### WHAT THIS TASK INVOLVES
The required output is the exact run of lines from the one that contains "14k gold surfboard" to the end of the data, with every picture left out.

***** DATA *****

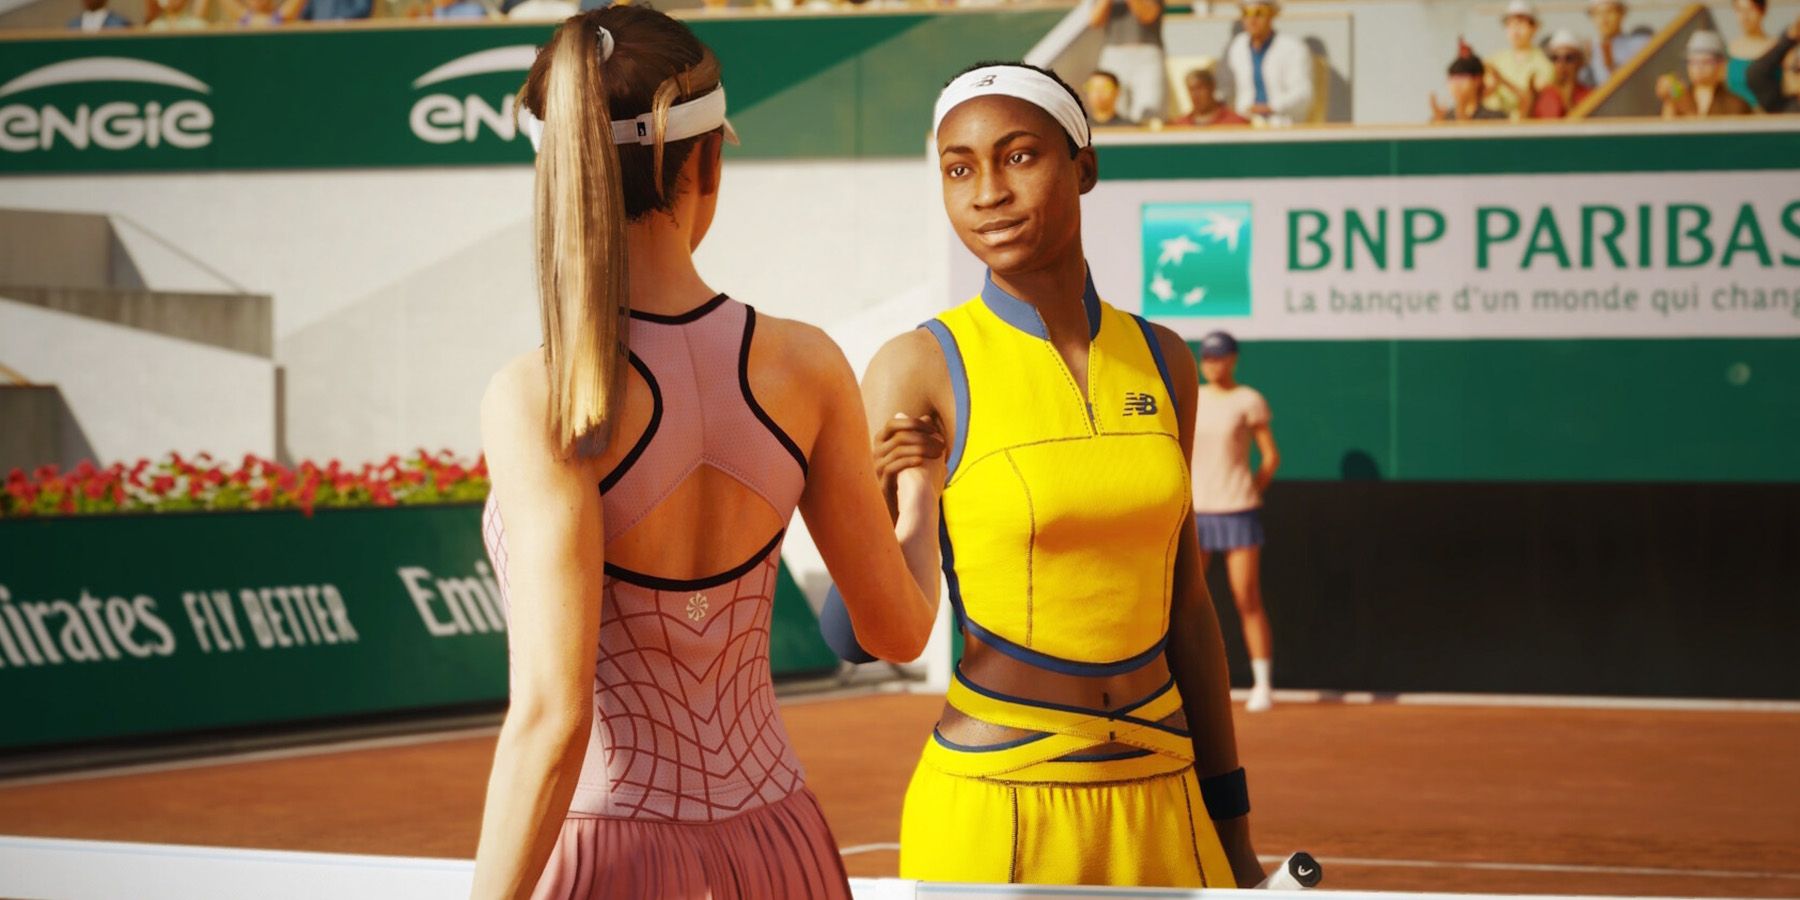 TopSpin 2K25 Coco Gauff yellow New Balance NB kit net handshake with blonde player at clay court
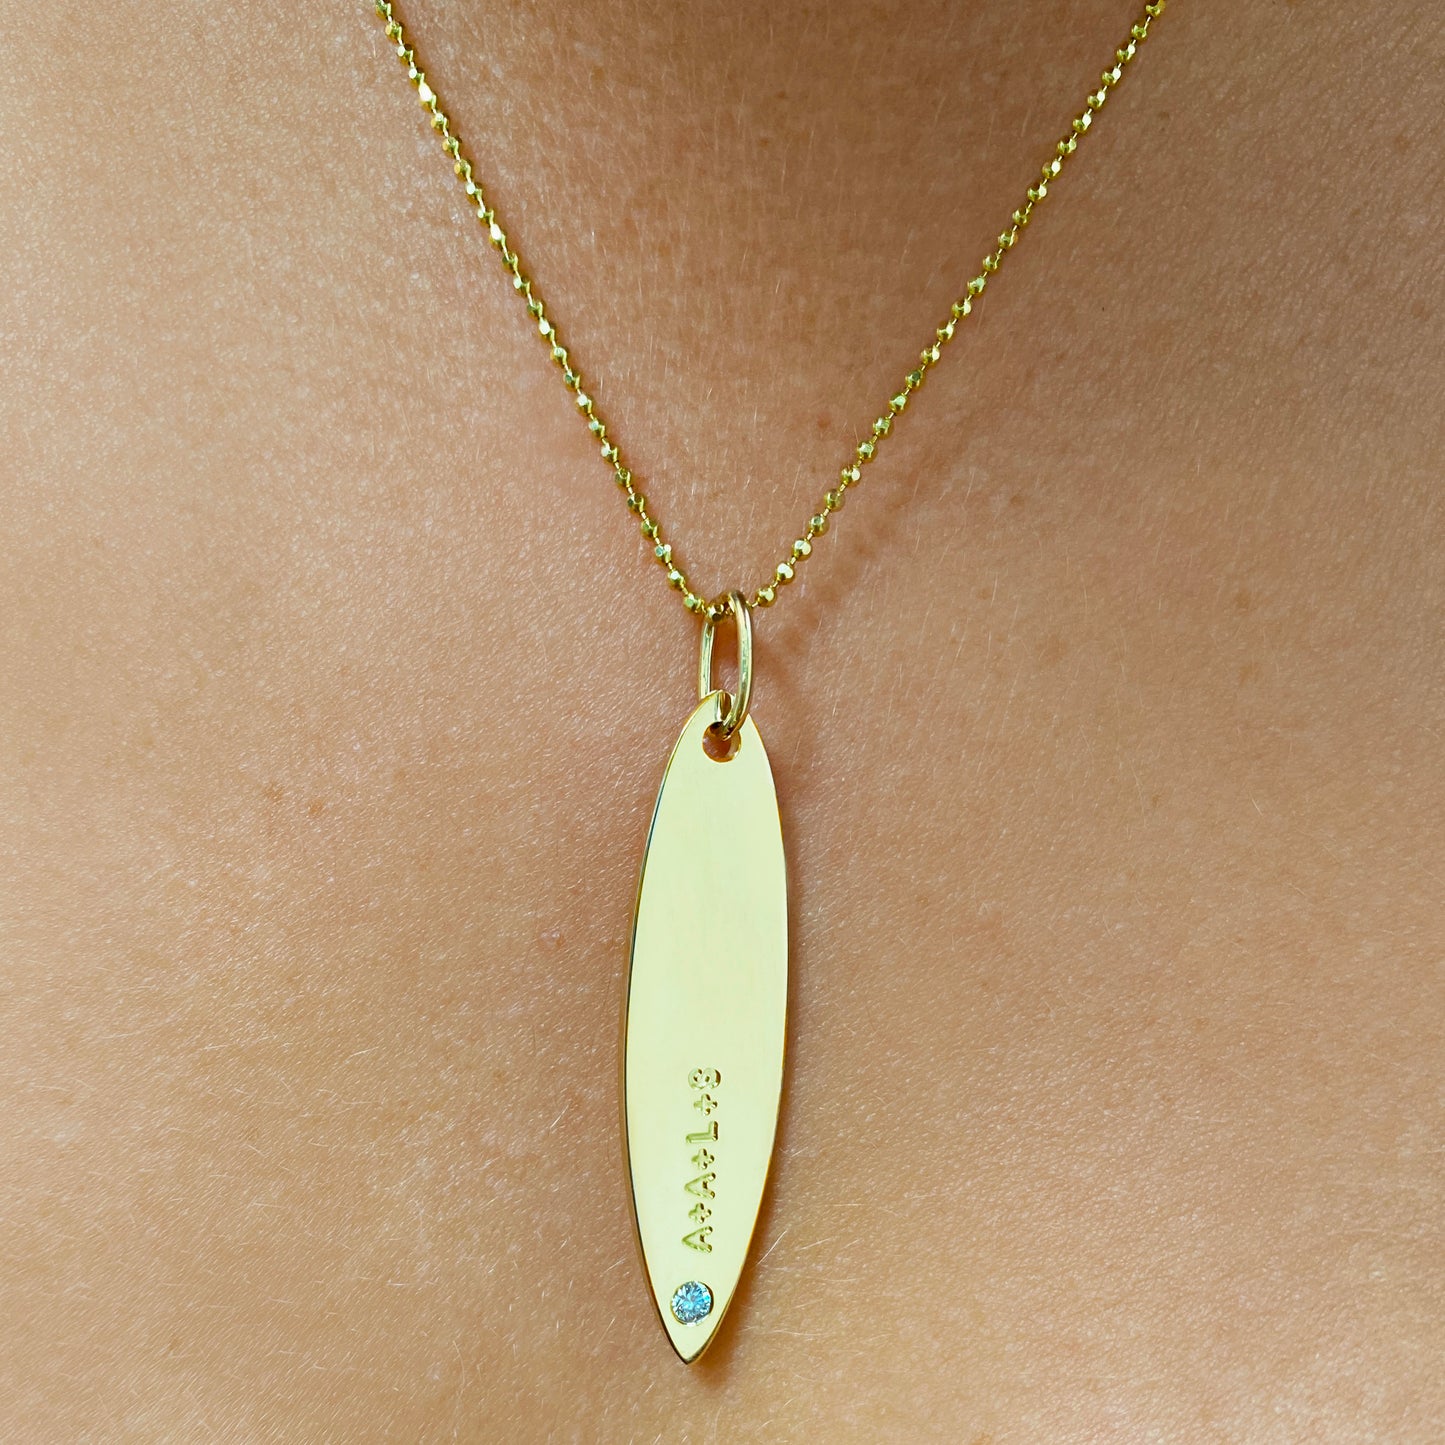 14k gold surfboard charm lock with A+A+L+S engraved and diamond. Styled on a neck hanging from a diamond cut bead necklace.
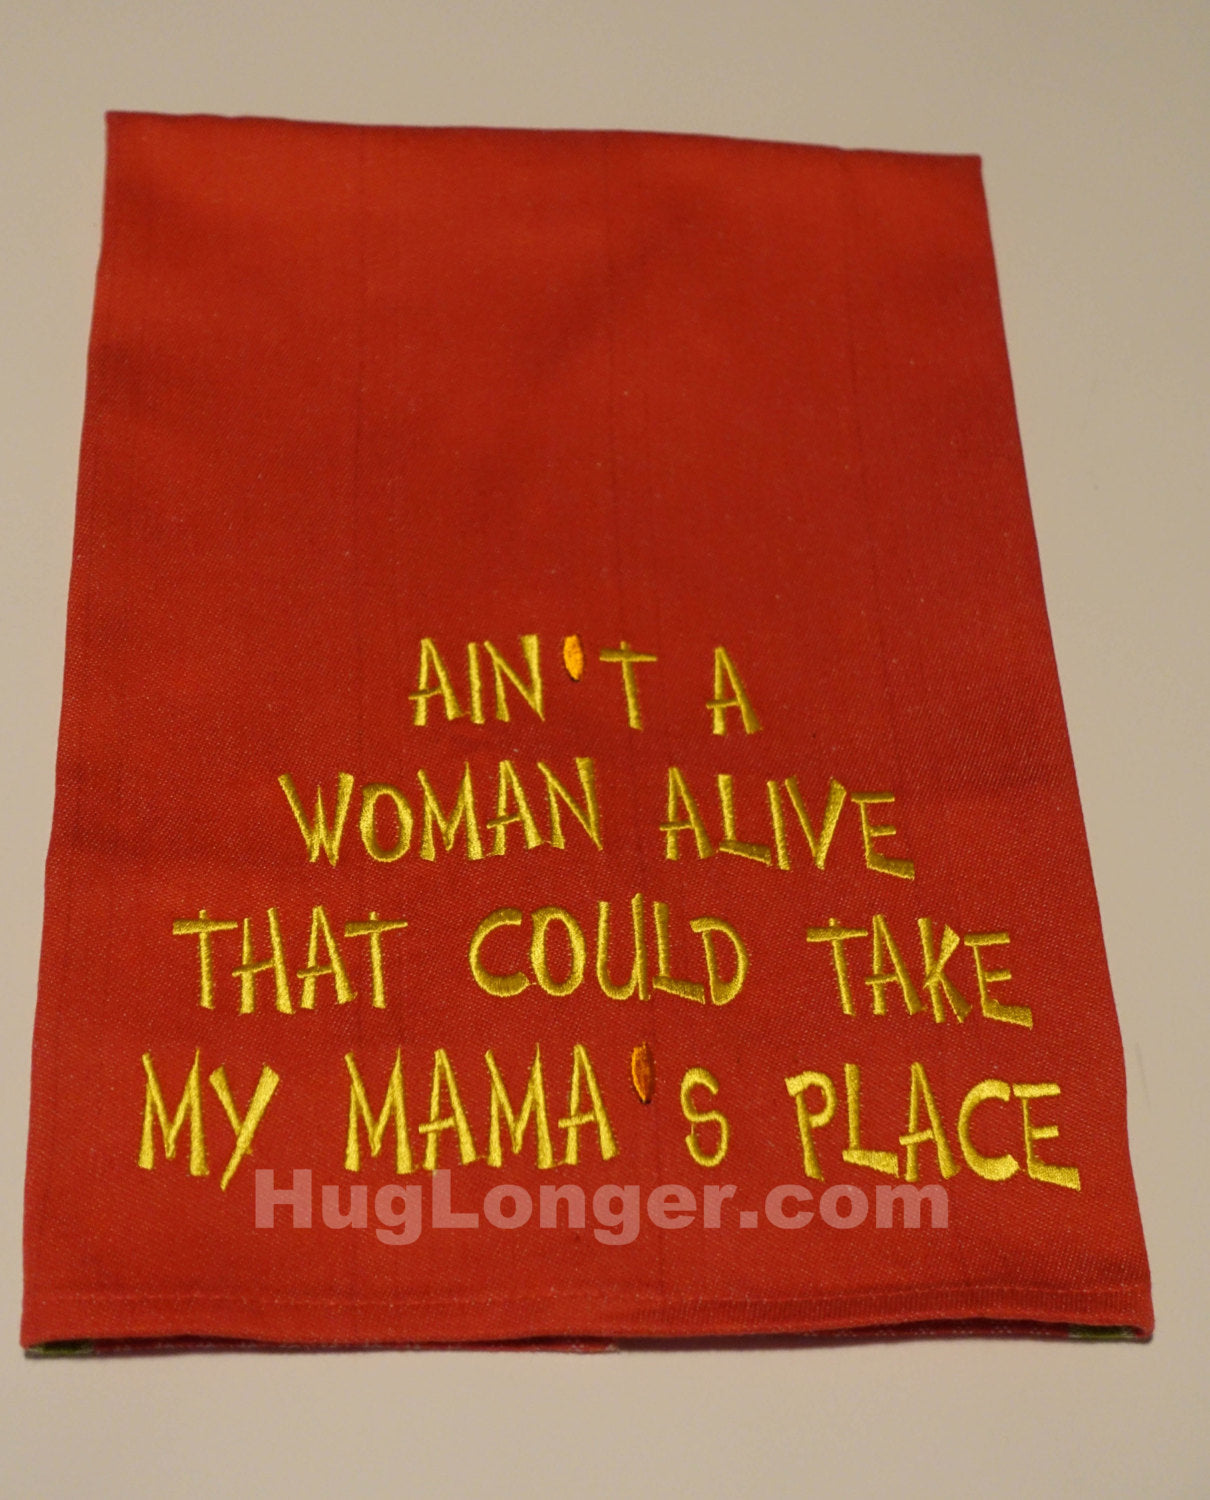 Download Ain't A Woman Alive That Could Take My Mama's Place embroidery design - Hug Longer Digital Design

*****

### ANSWER AREA
 14k gold surfboard charm lock with A+A+L+S engraved and diamond. Styled on a neck hanging from a diamond cut bead necklace.
 Download Ain't A Woman Alive That Could Take My Mama's Place embroidery design - Hug Longer Digital Design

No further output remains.